::: DATA PROVIDED

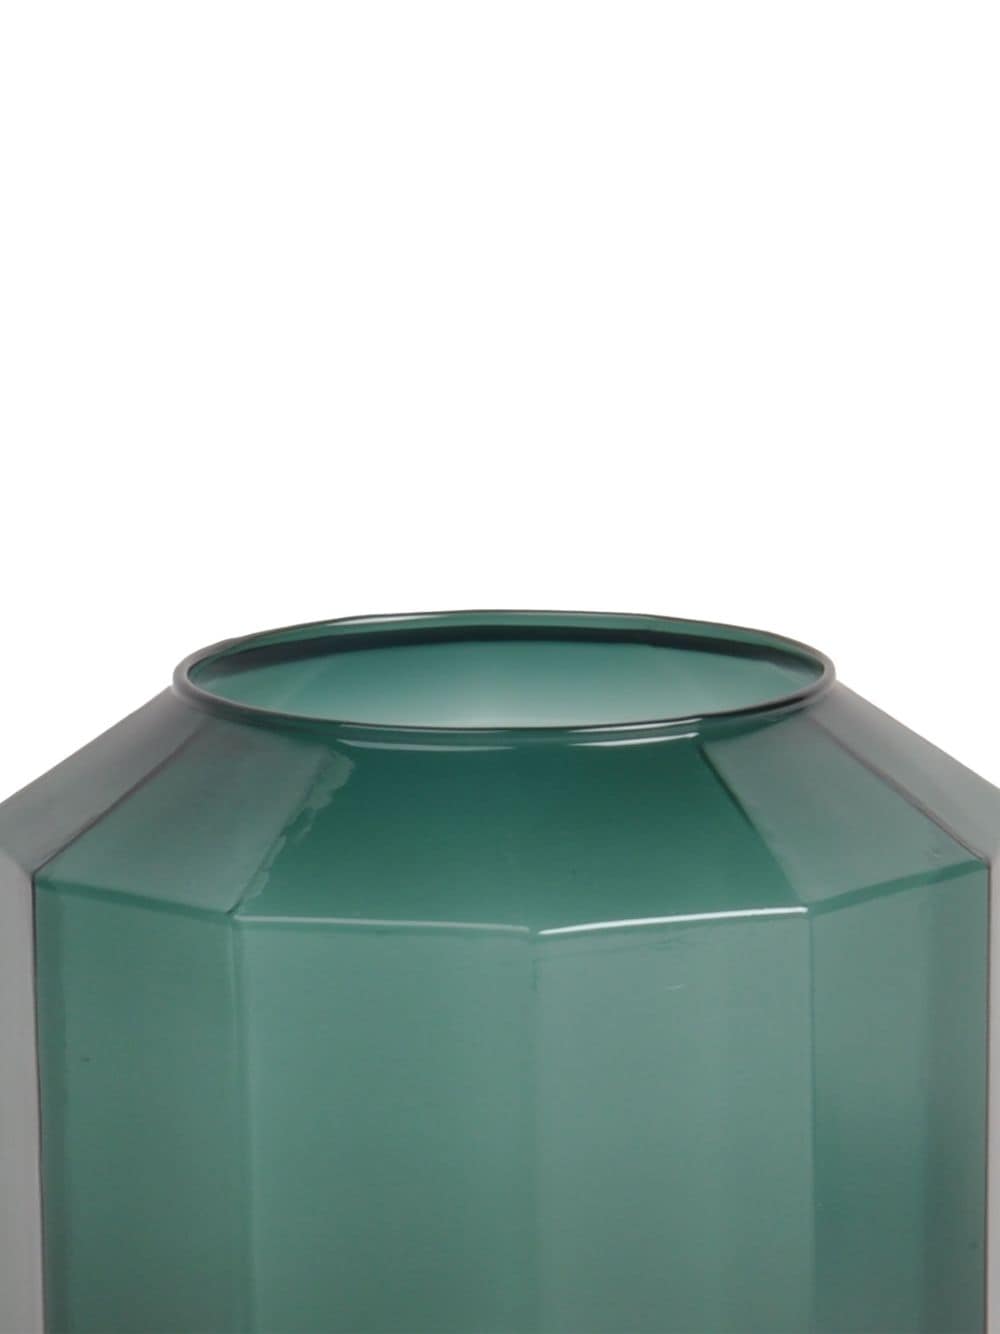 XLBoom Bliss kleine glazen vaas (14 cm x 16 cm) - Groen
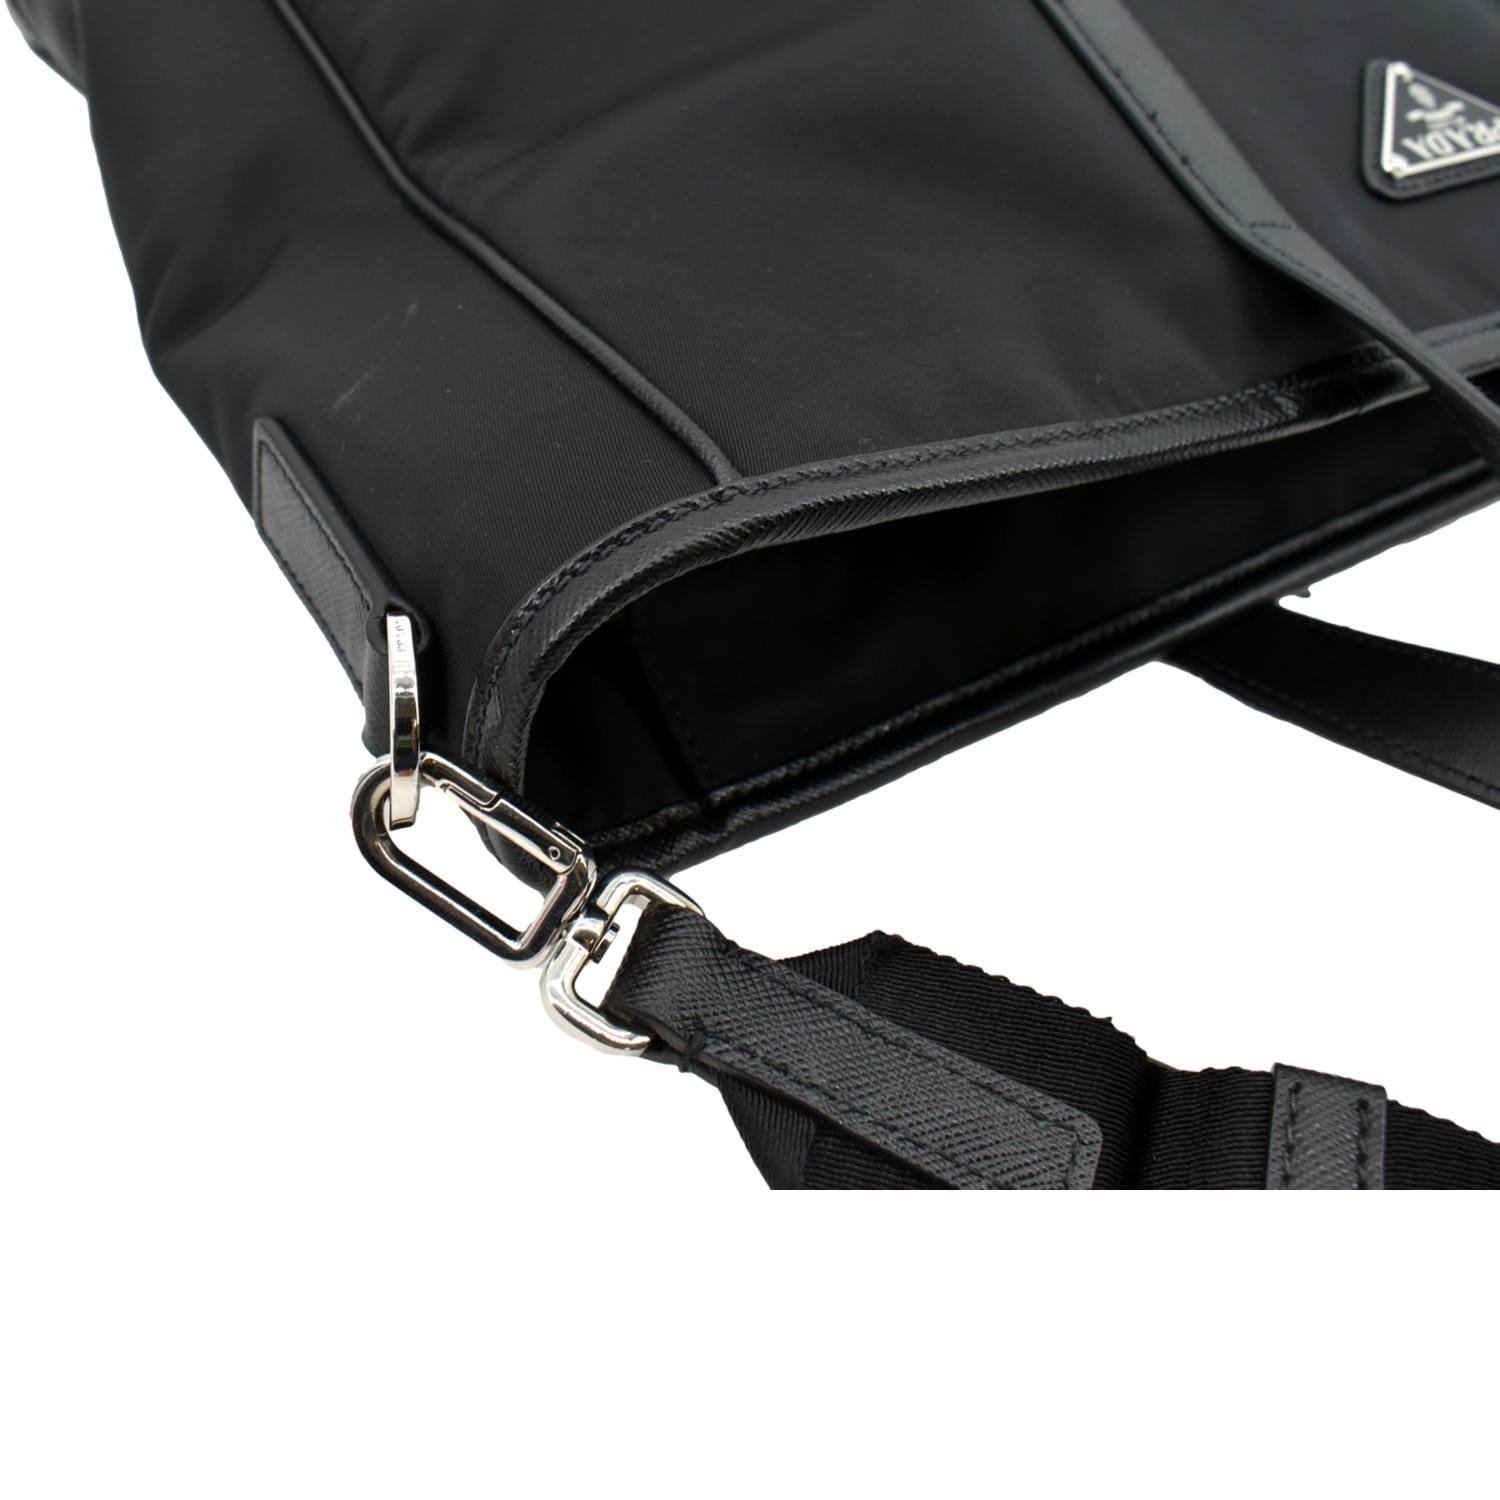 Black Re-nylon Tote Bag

::::::
::: DATA PROVIDED

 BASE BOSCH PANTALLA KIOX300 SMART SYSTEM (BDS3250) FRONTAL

::::::
::: DATA PROVIDED

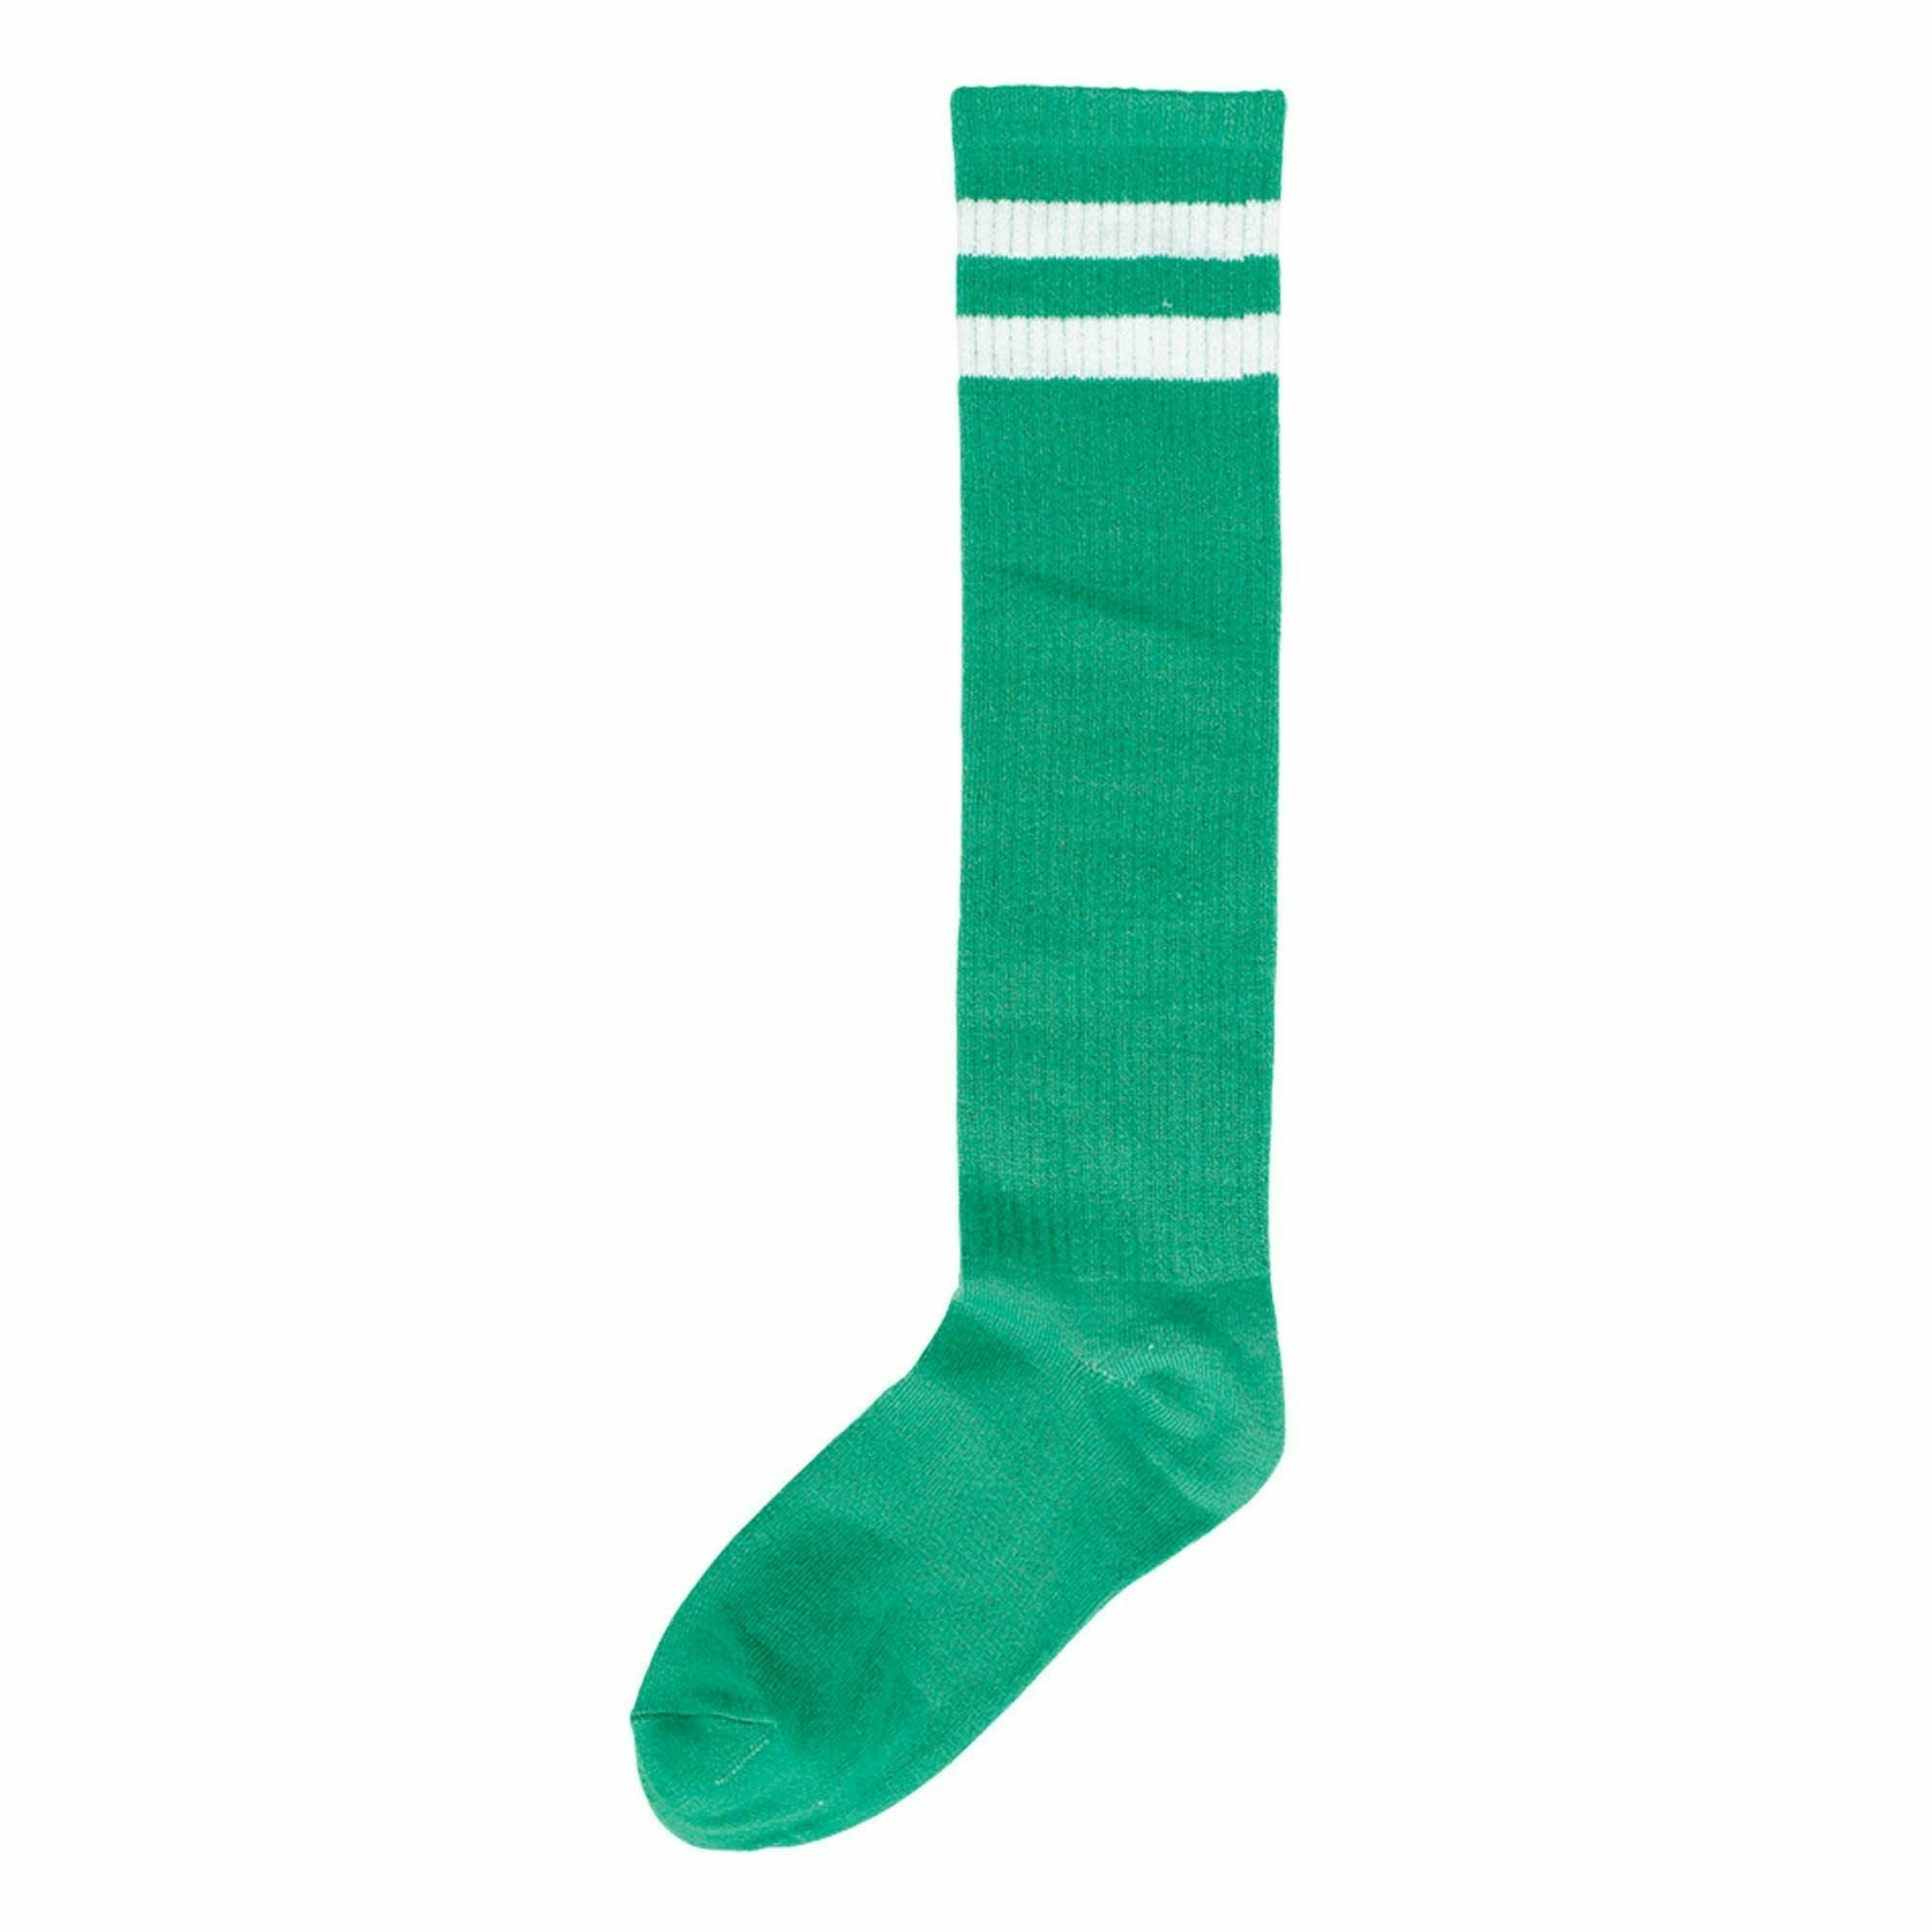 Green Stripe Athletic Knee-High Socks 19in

::::::

__YOUR TASK__. Return, exactly as they stand, the lines above from the one with "XLBoom Bliss kleine" to the one with "Black Re-nylon Tote Bag", omitting any pictures among them.

__SOLUTION TO THIS PROBLEM__.
 XLBoom Bliss kleine glazen vaas (14 cm x 16 cm) - Groen
 Black Re-nylon Tote Bag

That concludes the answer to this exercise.